Following the taste of the age, and especially as a means of popularity, Cæsar gave splendid games, shows, and gladiatorial combats, borrowing from Pompey and Atticus considerable sums to meet his love of display, his profusion, and his largesses.1176 Suetonius, ever ready to record, without distinction, the reports, true and false, current at the time, relates that Cæsar had taken from the treasury three thousand pounds of gold, for which he substituted gilt metal; but his high character is sufficient to refute this calumny. Cicero, who had not, at this time, any reason to spare him, makes no mention of it in his letters, where his ill-humour displays itself, nor in his speech against Vatinius, one of Cæsar’s devoted friends. On the other hand, Pliny1177 mentions a similar fact which happened during Pompey’s consulate.
Cæsar receives the Government of the Gauls.
IV. Cæsar did not confine his ambition to discharging the functions of a consul and legislator: he desired to obtain a command worthy of the elevation of his genius, to extend the frontiers of the Republic, and to preserve them from the invasion of their most powerful enemies. It will be remembered that at the time of the election of the consuls, the Senate had conferred upon them the superintendence of the woods and public roads. He had, therefore, slender grounds to expect a return of friendly feeling on the part of that assembly, and, if the distribution of governments was vested in them, history offered examples of provinces given by vote of the people. Numidia was assigned to Marius on the proposal of the tribune L. Manlius; and L. Lucullus, having received Cisalpine Gaul from the Senate, obtained Cilicia from the people.1178 It was thus that the command of Asia had been conferred upon Pompey. Strong in these precedents, Vatinius proposed to the people to confer upon Cæsar, for five years, the command of Cisalpine Gaul and Illyria, with three legions.1179 Pompey supported this proposal with all his influence. The friends of Crassus,1180 Claudius1181 and L. Piso, gave their votes in favour of this law.

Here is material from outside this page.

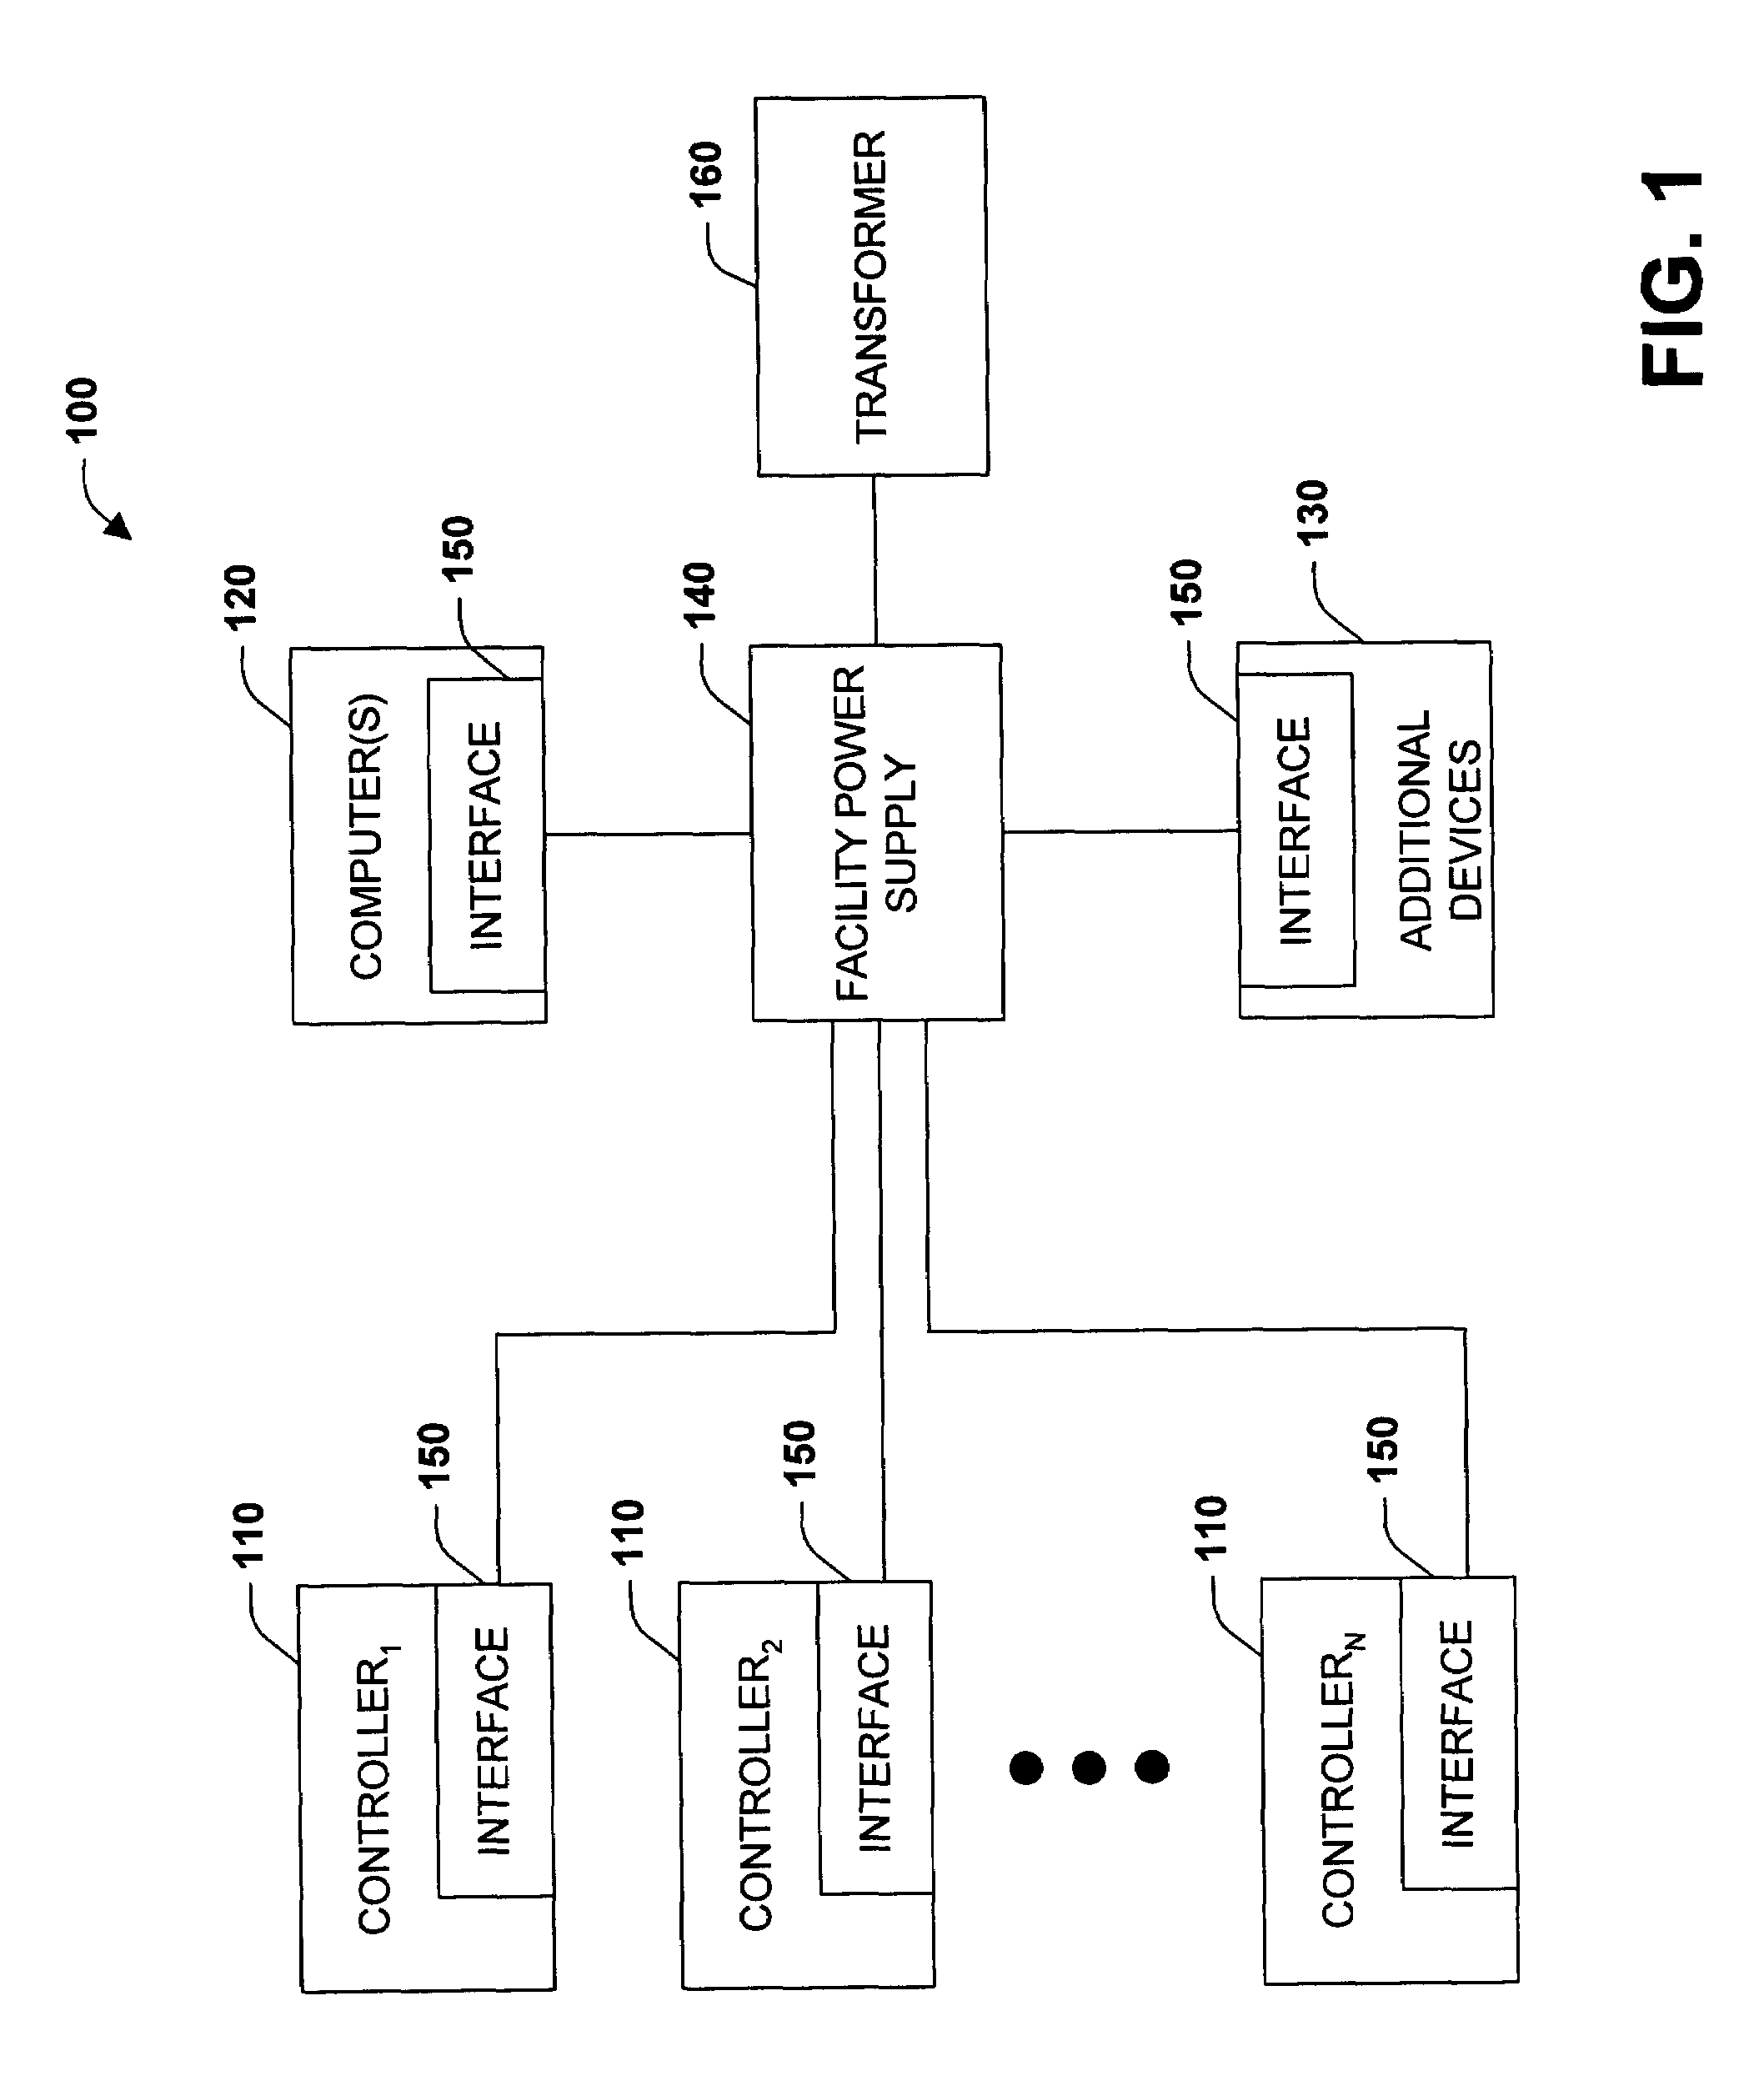 Power supply communication system and method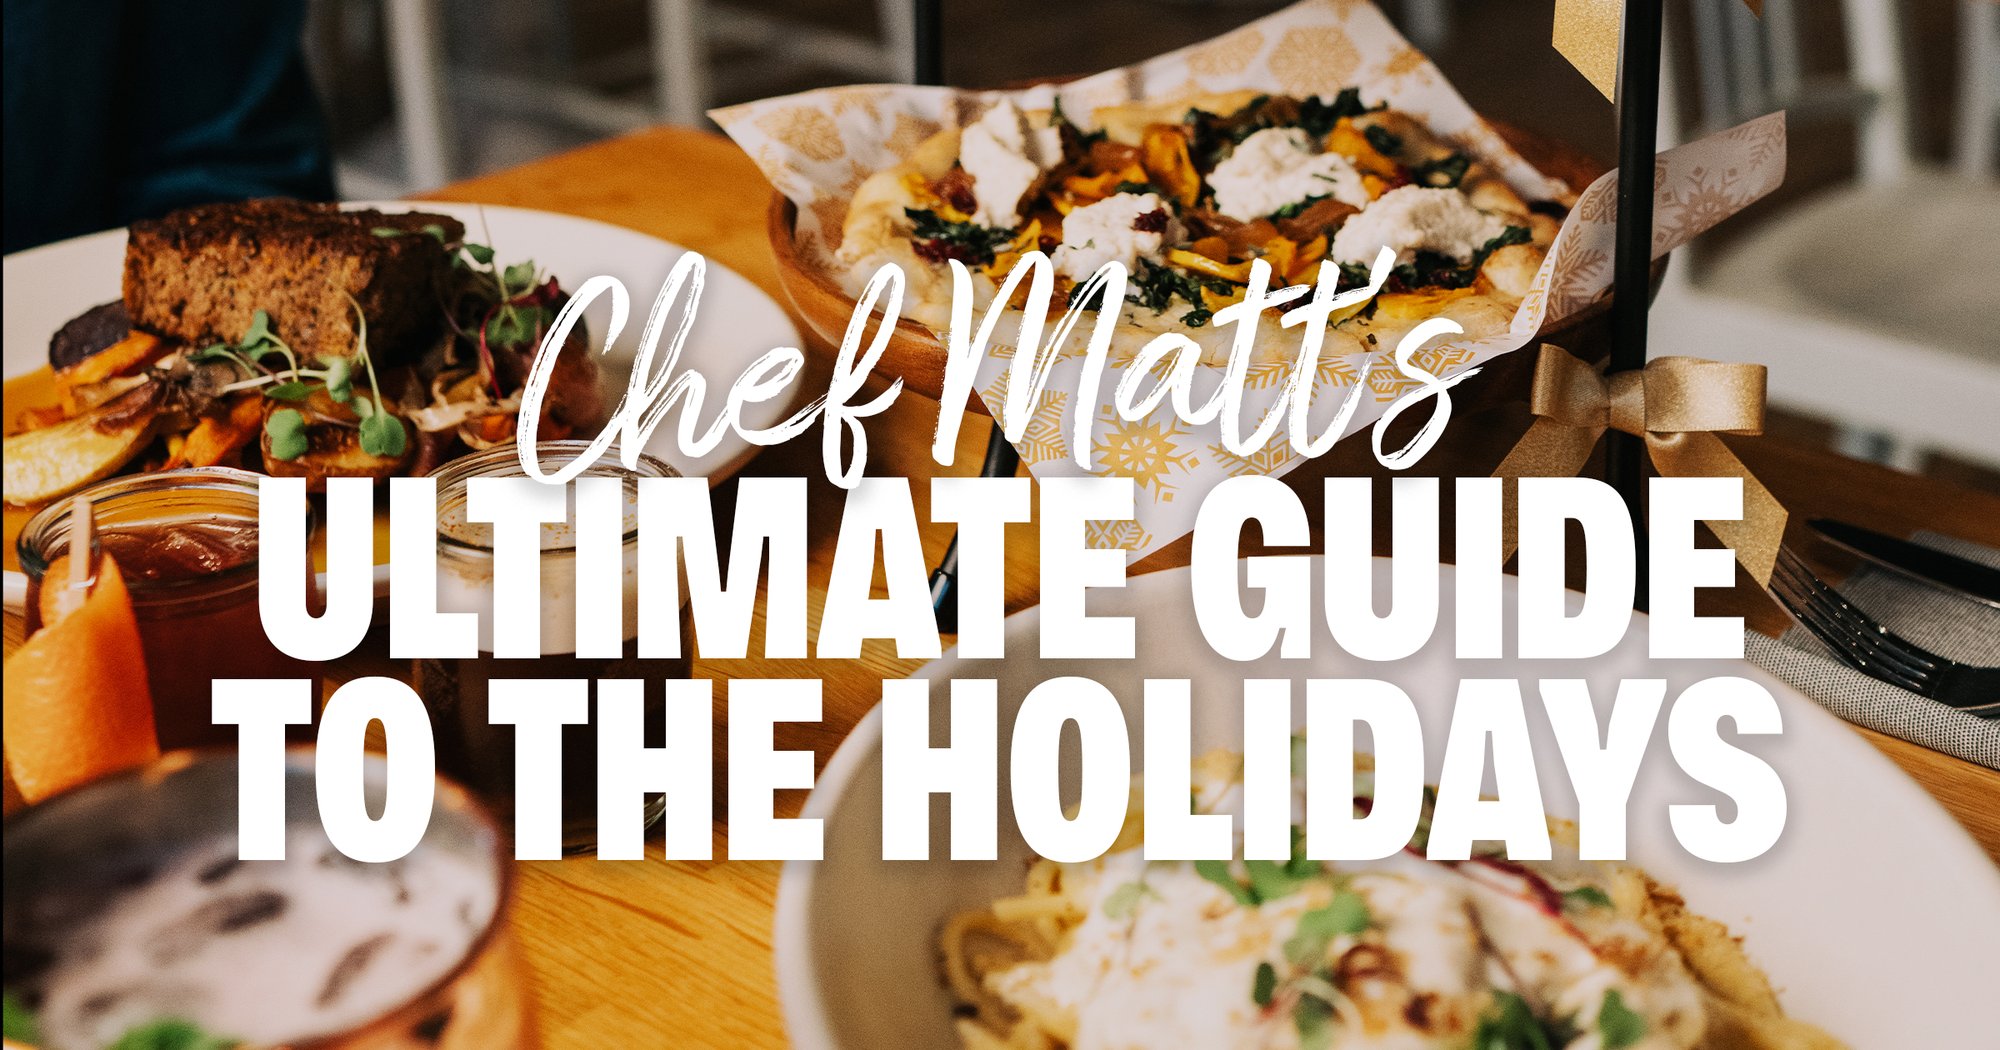 Chef Matts Ultimate Guide to the Holidays

At first, it appeared strange that the proposal of the tribune only included Cisalpine Gaul, without reference to the other side of the Alps, which alone offered chances of acquiring glory. But, on reflection, we discover how skilful and politic was this manner of putting the question. To solicit at the same time the government of both the Gauls might have seemed exorbitant, and likely to expose him to failure. To demand the government of Gaul proper was dangerous, for if he had obtained it without Cisalpine Gaul, which would have devolved upon another proconsul, Cæsar would have found himself completely separated from Italy, inasmuch as it would have been impossible for him to repair thither during the winter, and so preserve continuous relations with Rome. The proposal of Vatinius, on the contrary, having for its object only Cisalpine Gaul and Illyria, they could scarcely refuse a command limited to the ordinary bounds, and Cæsar acquired thereby a solid basis for operations in the midst of devoted populations, where his legions could be easily recruited. As to the province beyond the Alps, it was probable that some fortuitous circumstance, or new proposal, would place it under his orders. This happened sooner than he expected, for the Senate, by a skilful, but at this time unusual, determination, added to his command a third province, Gallia Comata, or Transalpine, and a fourth legion. The Senate thus obtained for itself the credit of an initiative, which the people would have taken of itself had it not been anticipated.1182
Transported with joy at this news, Cæsar, according to Suetonius, exclaimed in the full Senate, that now, having succeeded to the utmost of his desire in spite of his enemies, he would march over their heads.1183 This story is not probable. He was too prudent to provoke his enemies in their face at the moment he was going to a distance from Rome. “Always master of himself,” says an old writer, “he never needlessly ran against anybody.”1184
Opposition of the Patricians.
V. Whilst, contending with the most serious difficulties, Cæsar endeavoured to establish the Republic on the securest foundations, the aristocratic party consoled itself for its successive defeats by a petty war of sarcasm and chicanery. At the theatre they applauded all the injurious allusions of Pompey, and received Cæsar with coldness.1185 Bibulus, the son-in-law of Cato, published libels containing the grossest attacks. He renewed the accusation of plotting against the Republic, and of the pretended shameful relations with Nicomedes.1186 People rushed to read and copy these insulting placards. Cicero gladly sent them to Atticus.1187 The party, too, to which Bibulus belonged, extolled him to the skies, and made him a great man.1188 His opposition, however, had only succeeded in postponing the consular comitia until the month of October. This prorogation was made in the hope of preventing the election of consuls friendly to the triumvirs. Cæsar, on this occasion, attacked him in a violent speech, and Vatinius proposed to arrest him. Pompey, on his part, moved by invectives to which he was unaccustomed, complained to the people of the animosity of which he was the object; but his speech does not appear to have been attended with much success.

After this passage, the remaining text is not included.